A message to Alberta’s oil and gas workers

Kevstan [CC BY-SA 3.0 (https://creativecommons.org/licenses/by-sa/3.0)]

We hear you, Alberta. We get it. Unemployment is up. Earnings are down.

You feel threatened. You feel your children’s future is threatened.

We get it. We’ve been there, too. We all have. We all are, right now.

Here’s the thing: as a civilization, we cannot afford to keep doing things the way we have been. Not if we want to keep our civilization in something resembling its current form.

While oil and gas has made some people very rich, and provided many more people with a good living, we all knew that it would have to end some day. At some point, we have to stop burning oil.

At one time, we thought that would happen when the oil ran out. (Remember those days, when Alberta saved a portion of the money it made in what was called the Heritage Fund? And then you decided to blow it all. But that’s another story.)

But now we realize that we have to stop burning fossil fuels while there are still fossil fuels in the ground — because the side-effects are killing us.

It’s like smoking: some enjoy it, but the side effects are killing us. So even though there are people whose living depended on tobacco farming or processing or cigarette manufacturing and distribution, we turned away from it. Sure, there are still smokers out there, but the numbers are a fraction of what they used to be.

We have moved on.

And that’s what’s happening with oil and gas right now. Yes, the Alberta industry has cleaned up a lot. Your emissions from producing oil and gas may have come down. That part may be on track to net zero.

But that argument is disingenuous. Production of oil and gas may have net zero carbon emissions, but not the consumption of the product. That cannot be net zero, because of chemistry. Perfectly efficient combustion of a hydrocarbon produces water and carbon dioxide. And less-than-perfect combustion produces a number of nasty things, like carbon monoxide, too.

We have burned so much gasoline, oil, coal and other fossil fuels over the past 200 years, we have put ourselves in grave peril.

Let’s not quibble about it. We all know it’s true. The world has already warmed, and it’s continuing to get warmer, as a result of our use of fossil fuels. You know it. Arguing about it just makes you look like you’re even more afraid.

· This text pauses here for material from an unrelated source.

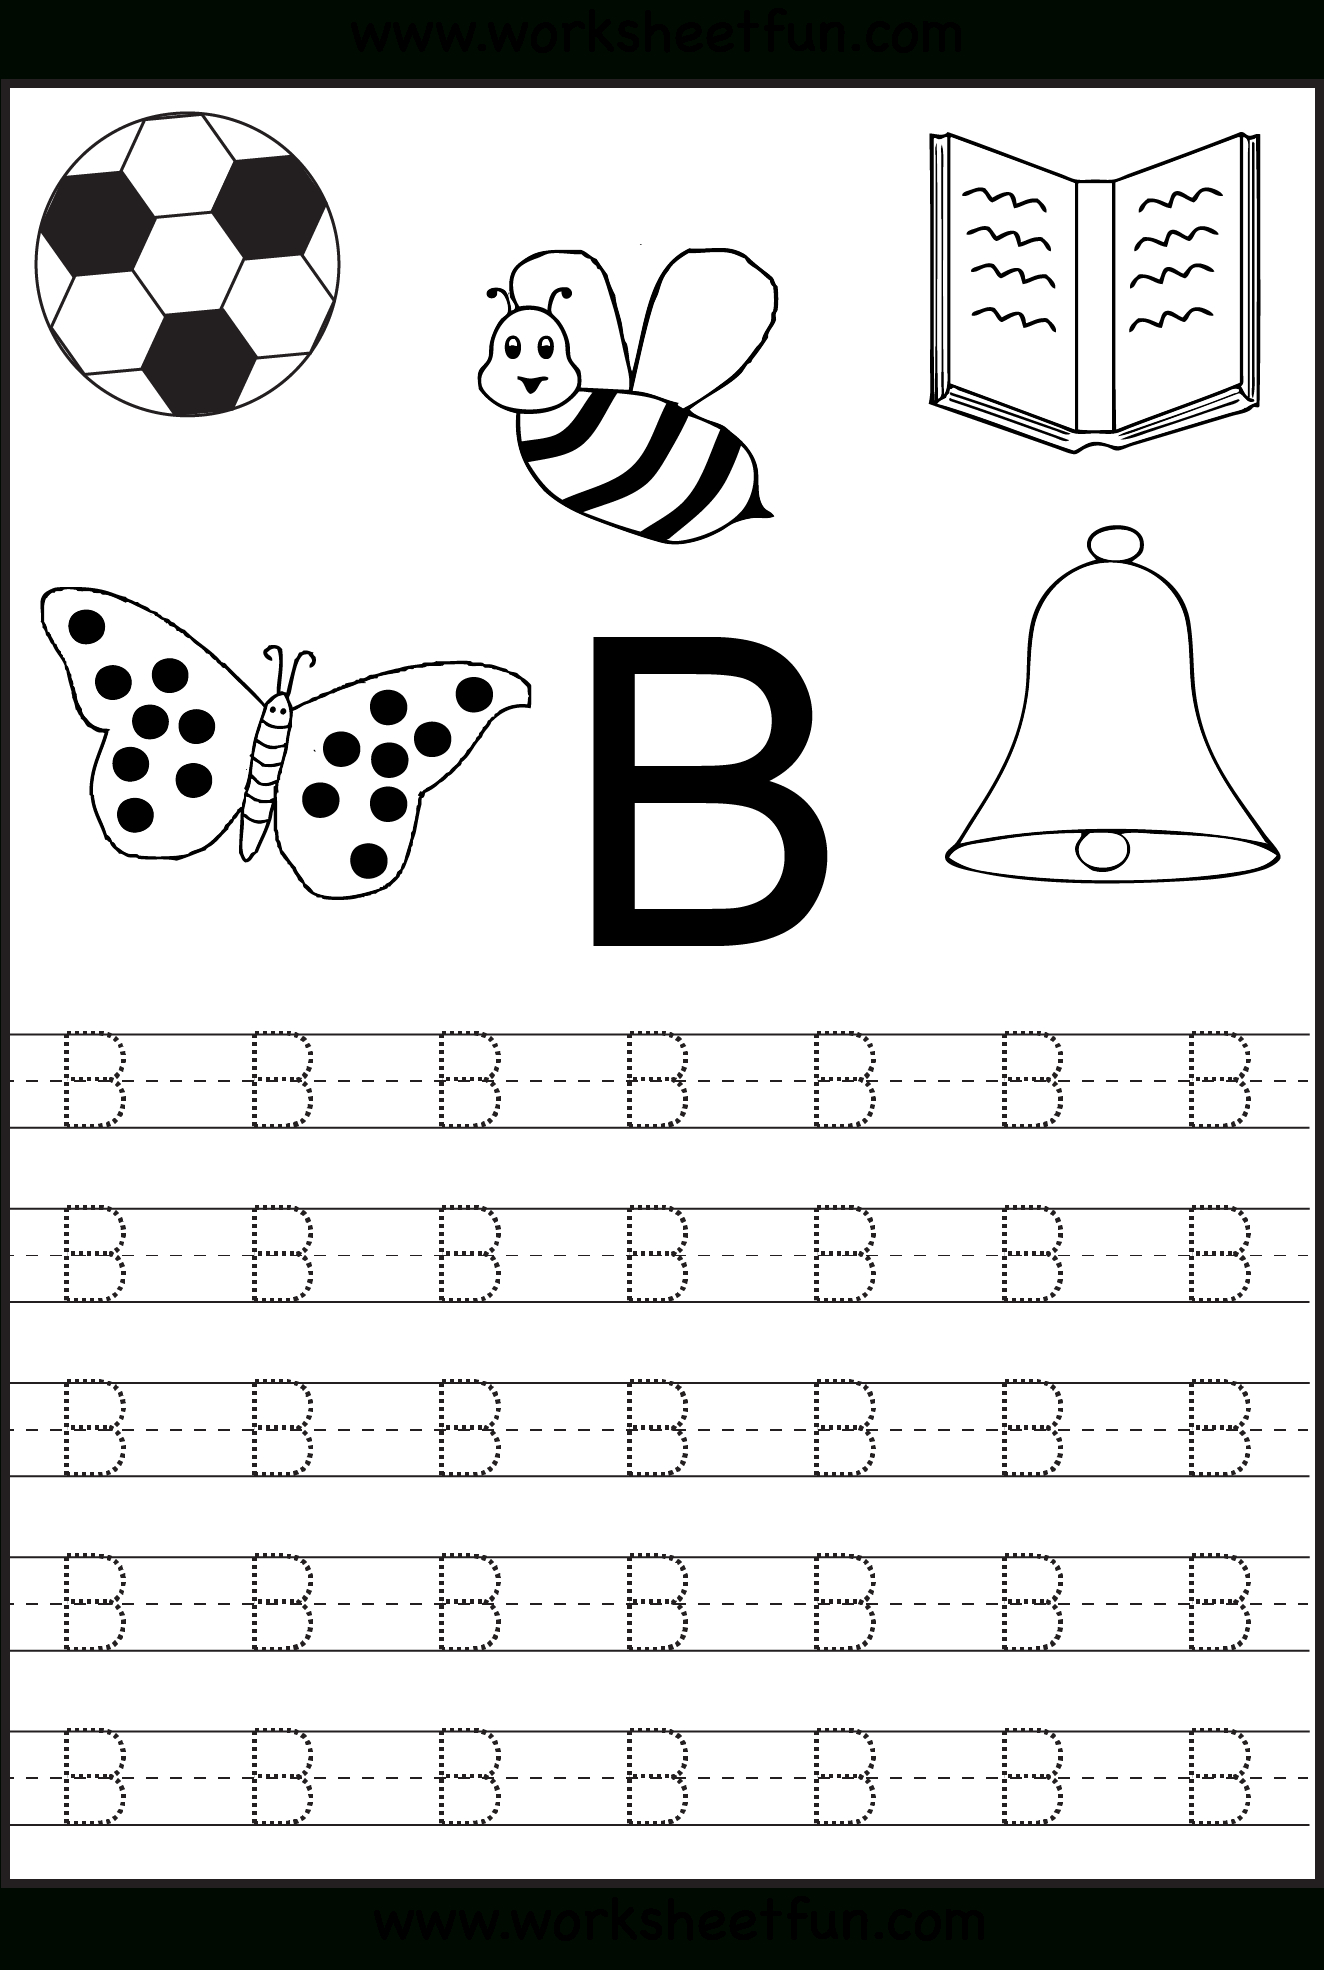 Kindergarten Alphabet Worksheets Printable Preschool Worksheets 7 Best Images Of Preschool

And no, we don’t hate you. In fact, we—the whole rational world, that is—are offering you an alternative.

A way out.

We are moving on, and we want you to join us.

It seems to me that the major economic problem Alberta is facing is the classic one of putting all of your eggs into one basket. Oil and gas is a notoriously boom-and-bust industry. And Alberta has been through several busts, not all of them because of eastern Canada.

Three of the 20 wind turbines at the Magrath Wind Power Project in southern Alberta. Photo by Chuck Szmurlo .

The solution? Diversification. And there’s a huge opportunity seemingly custom-made for Alberta: renewable energy.

Imagine that, rather than investing billions in a pipeline that will never make money, Alberta invested in developing geothermal, solar and wind energy. Renewable energy installations now produce electricity cheaper than any other form of generation. It thus earns a better return than oil and gas.

Alberta gets more days of sunshine than any other province in Canada. And you are famous for winds, too. Developing the renewable energy industry could employ all the workers laid off from the oil and gas sector. And in many cases, the jobs require more training and education, and therefore pay better. Plus, they’re cleaner and thus healthier than many O&G jobs. And there’s a future in them. Finally, they won’t poison the environment.

It’ll take time and money.

Already, the O&G sector in Alberta cannot make money without subsidies from the rest of the country. No one is telling anyone to completely drop fossil fuels immediately.

And no one is saying that you should abandon the carbon reduction or sequestration development. Those are good.

Keep exporting technology around the world. We also support that.

It will take time. It will take work.

We are running out of time. By “we,” I mean all of us. The whole world. We have less than 11 years to reduce carbon emissions worldwide, to avoid raising average global temperatures to a point where the oceans will rise catastrophically.

The world has already warmed because of our activity. Yes, you know it.

There’s really no point in arguing that the world is not warming, nor whether it’s human-caused. The vast majority of people have accepted that, and change is coming.

Change is coming to Alberta’s energy sector.

It’s up to you to decide whether that’s a threat or an opportunity.